• Source data:
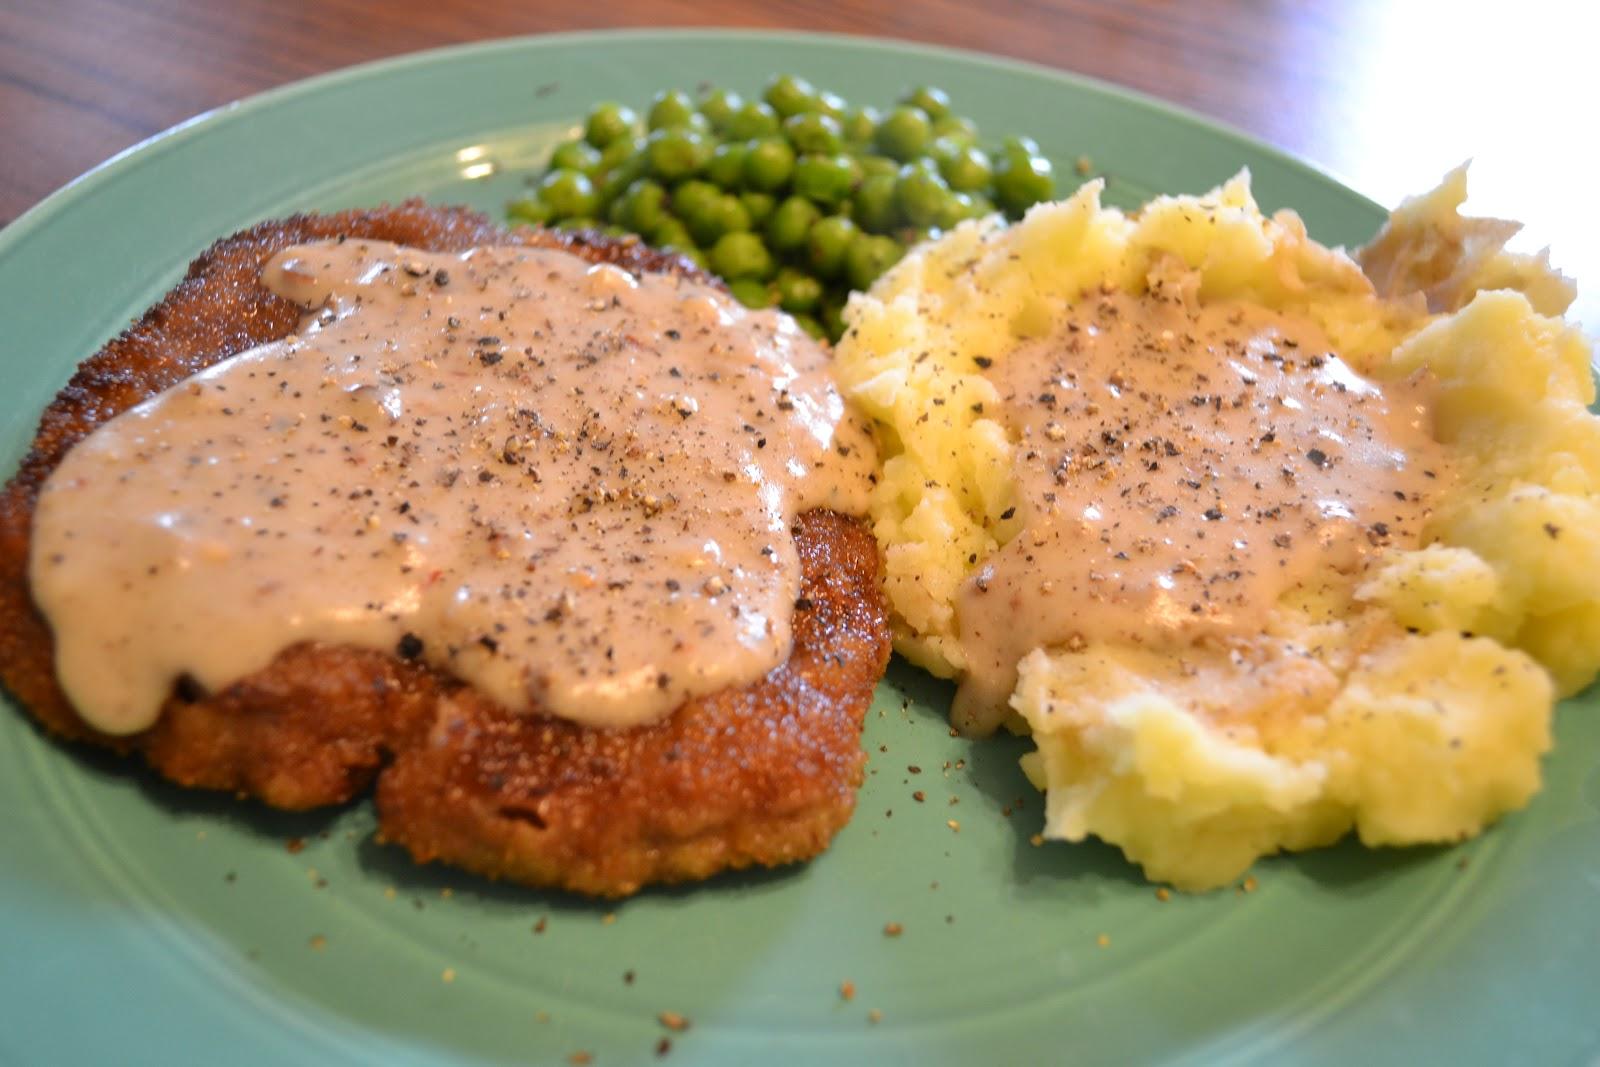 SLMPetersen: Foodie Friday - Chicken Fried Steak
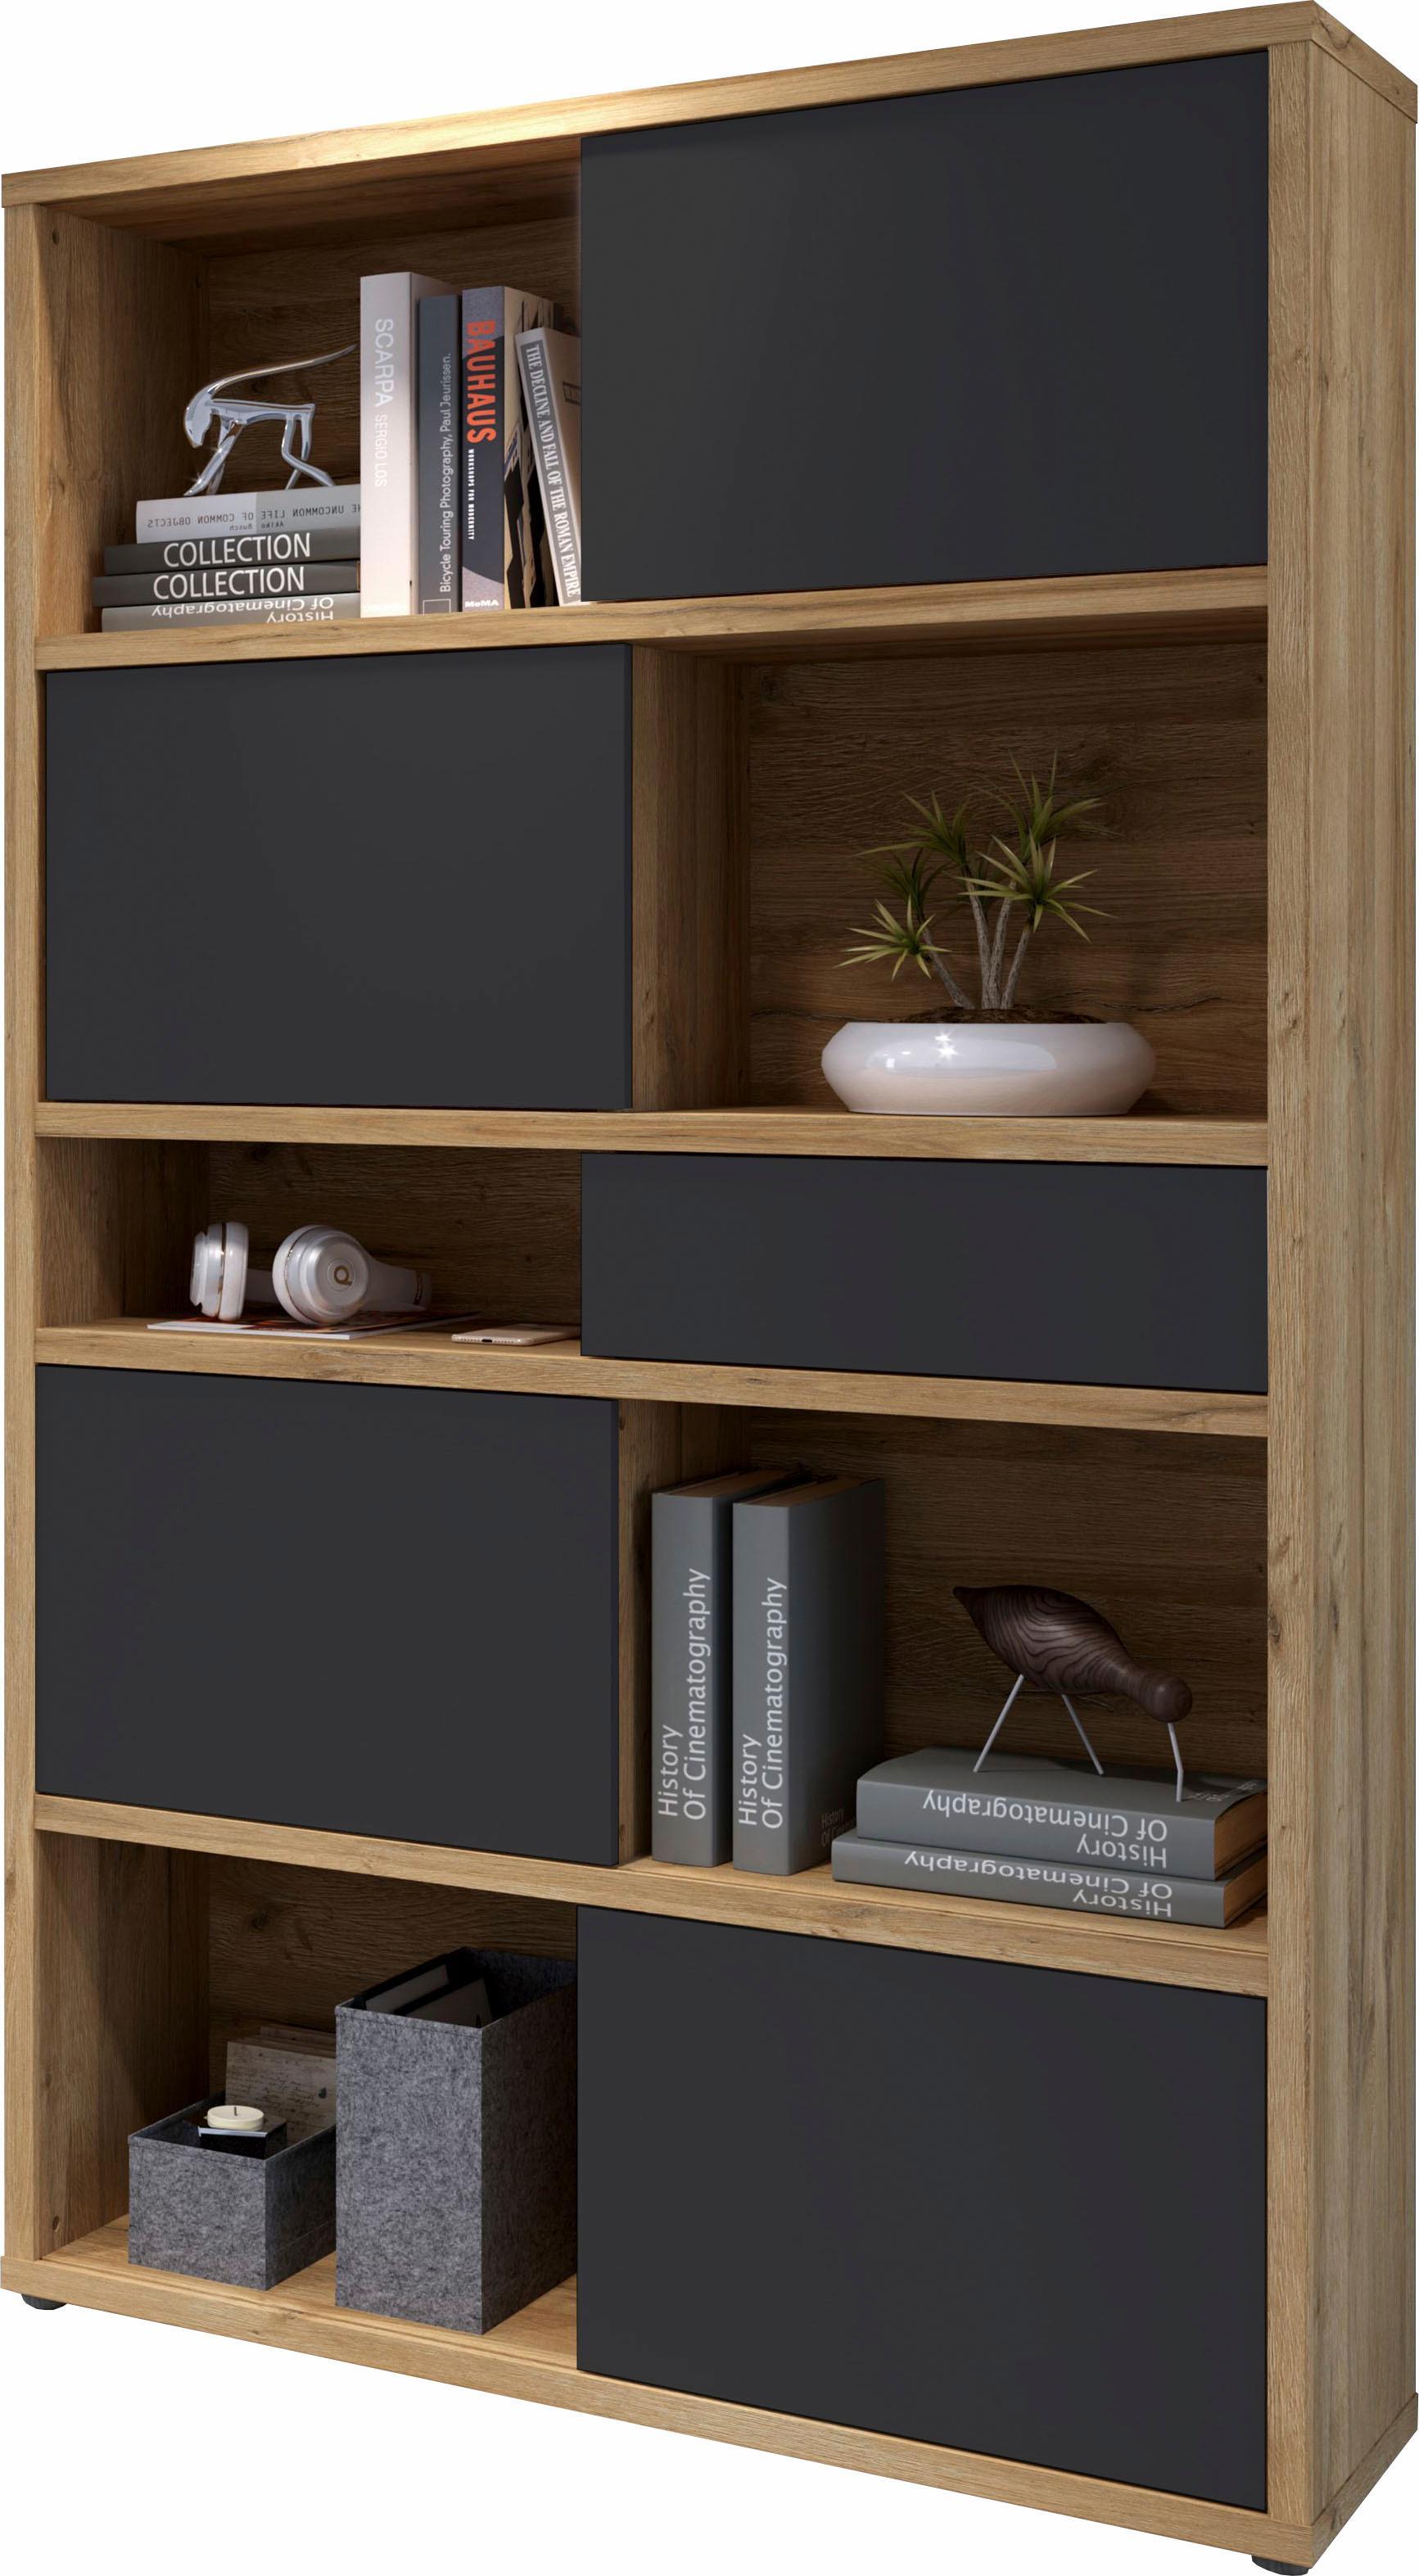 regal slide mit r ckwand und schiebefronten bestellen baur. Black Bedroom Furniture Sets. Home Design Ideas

* * *

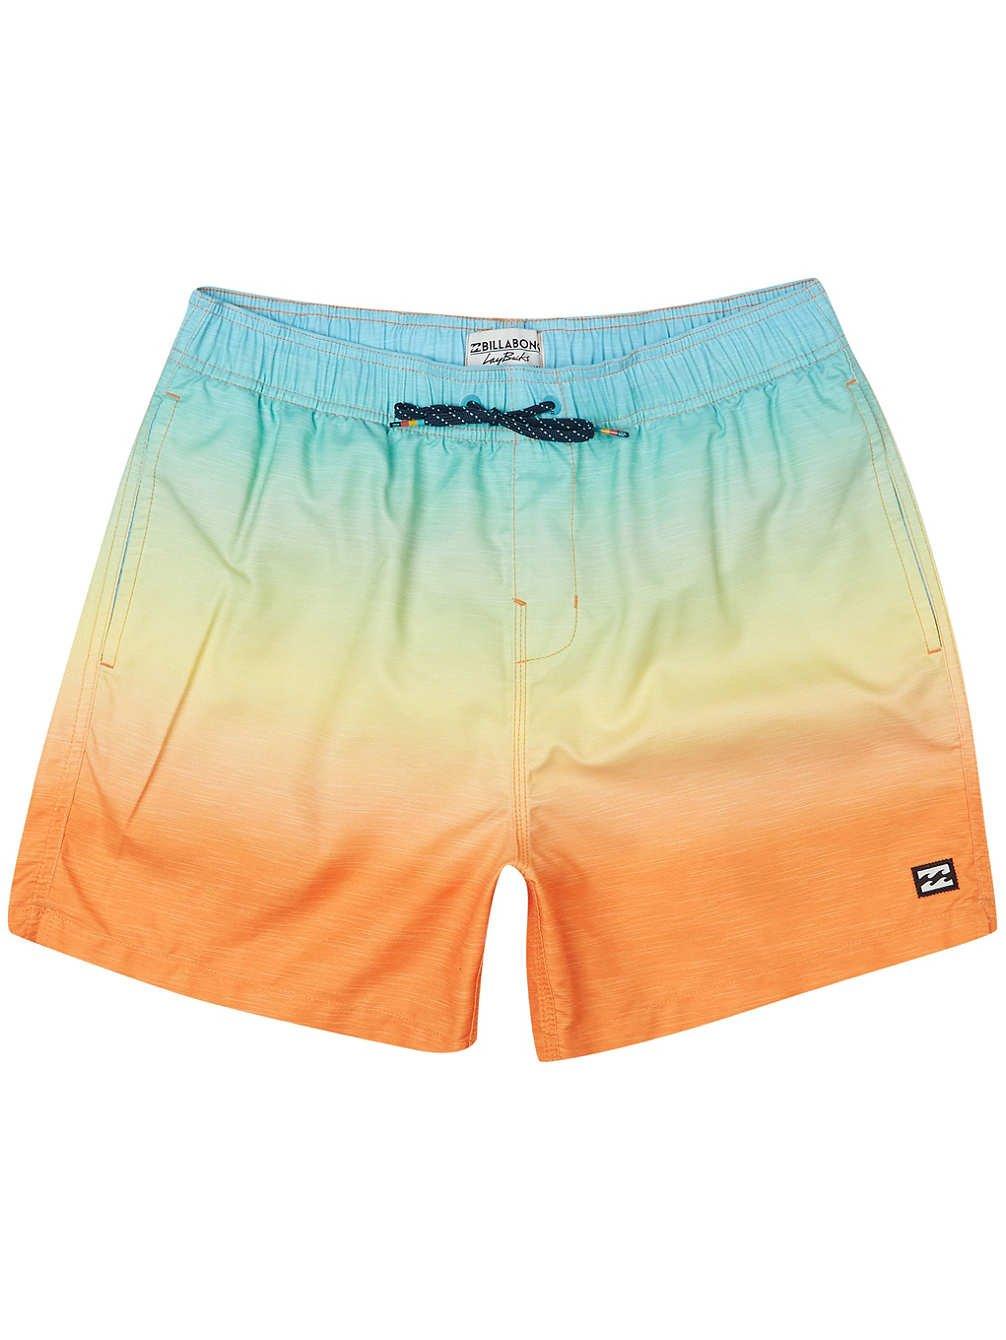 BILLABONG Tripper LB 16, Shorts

---

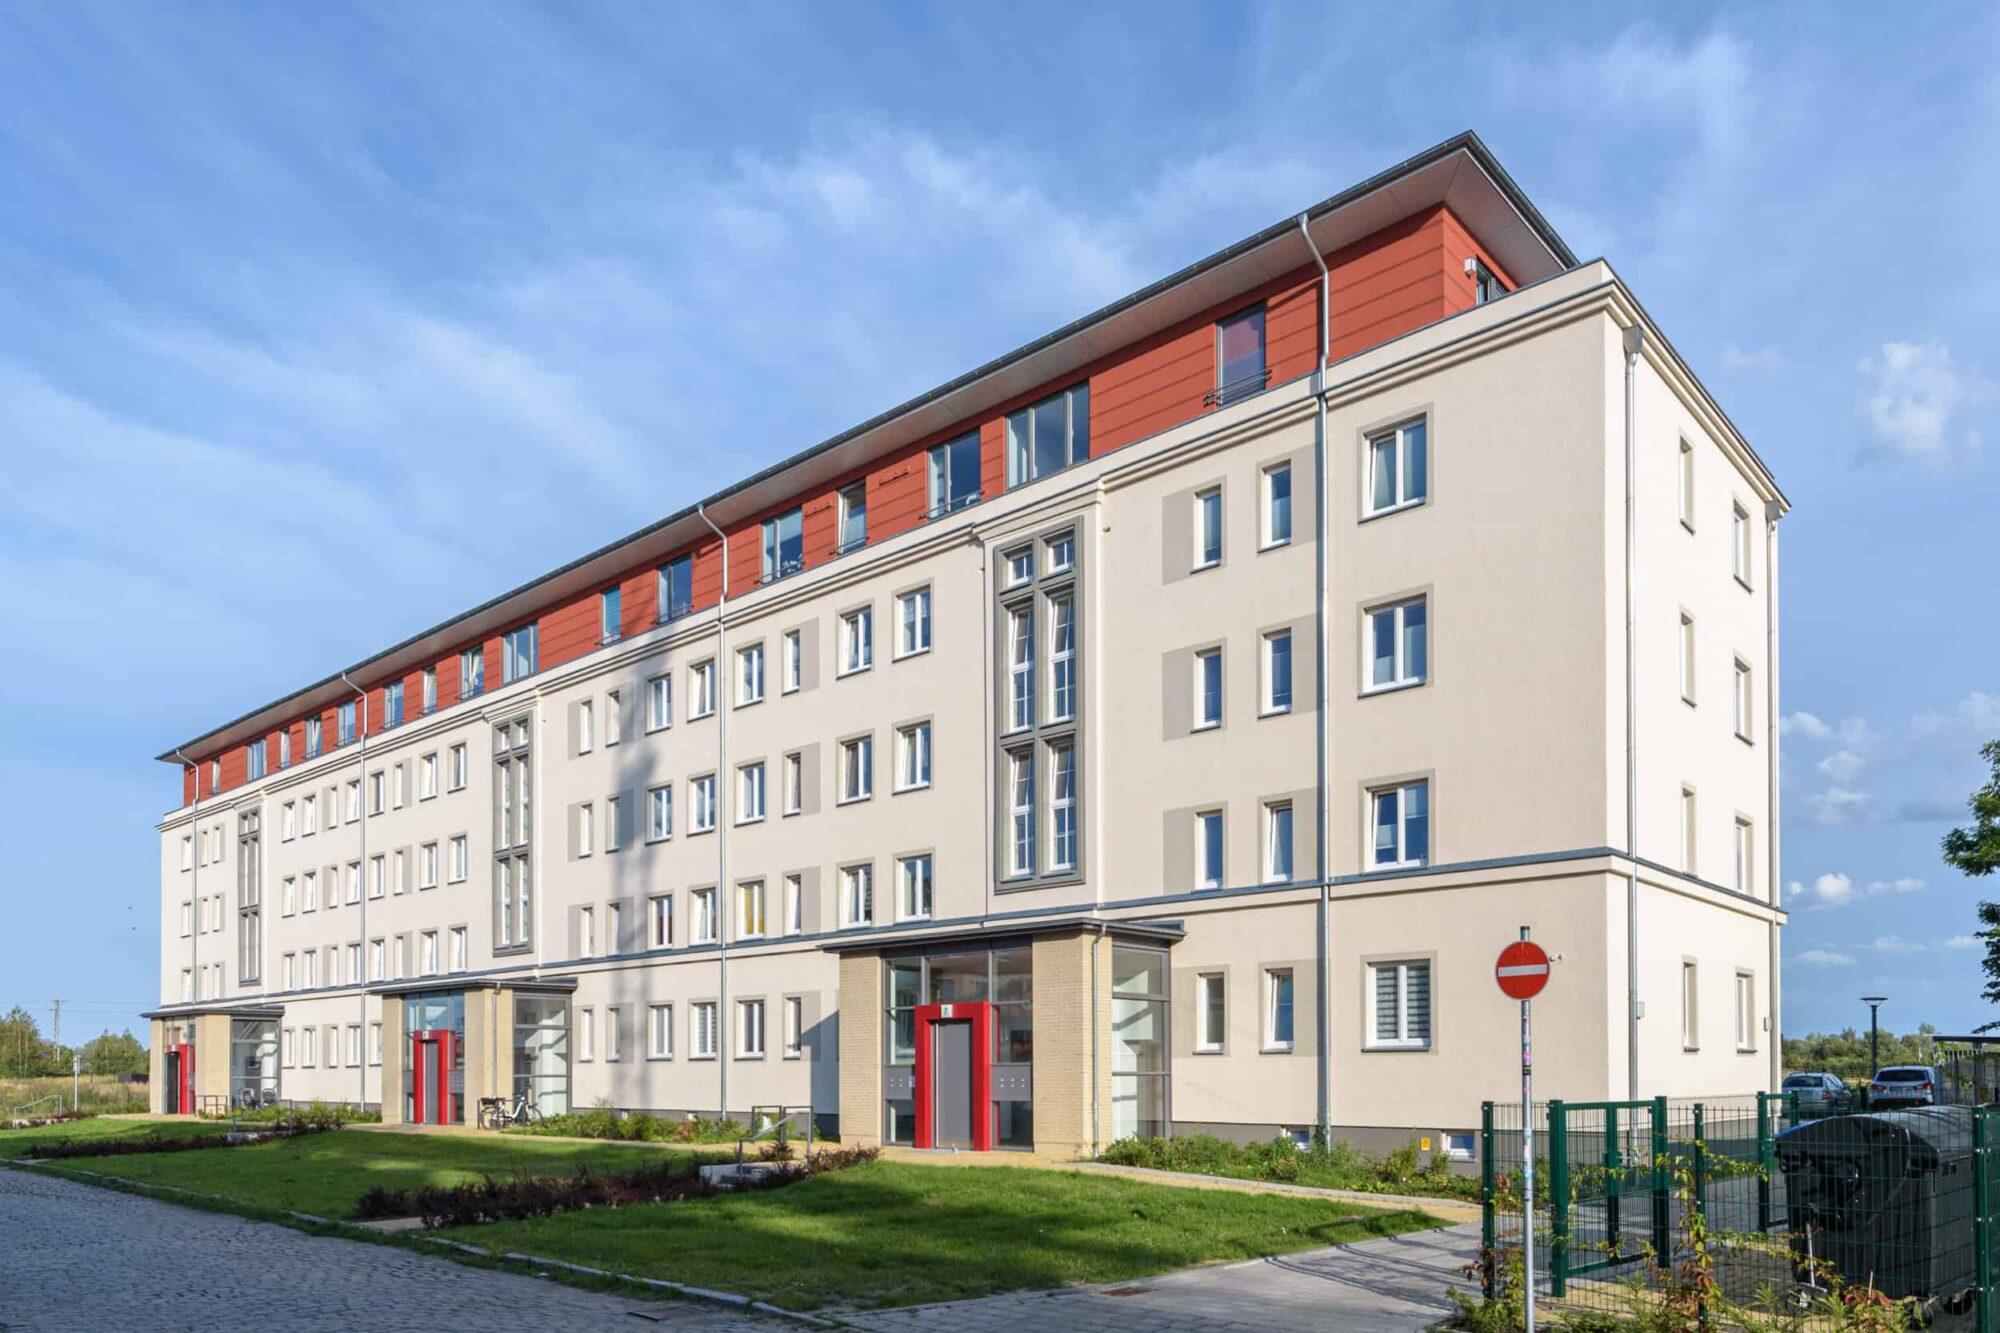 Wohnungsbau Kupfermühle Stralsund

• Goal of the exercise: Reproduce, word for word, only the lines in the records above from the line with "SLMPetersen: Foodie Friday" through the line with "regal slide mit", including both ends; omit the pictures.

• The answer:
 SLMPetersen: Foodie Friday - Chicken Fried Steak
 regal slide mit r ckwand und schiebefronten bestellen baur. Black Bedroom Furniture Sets. Home Design Ideas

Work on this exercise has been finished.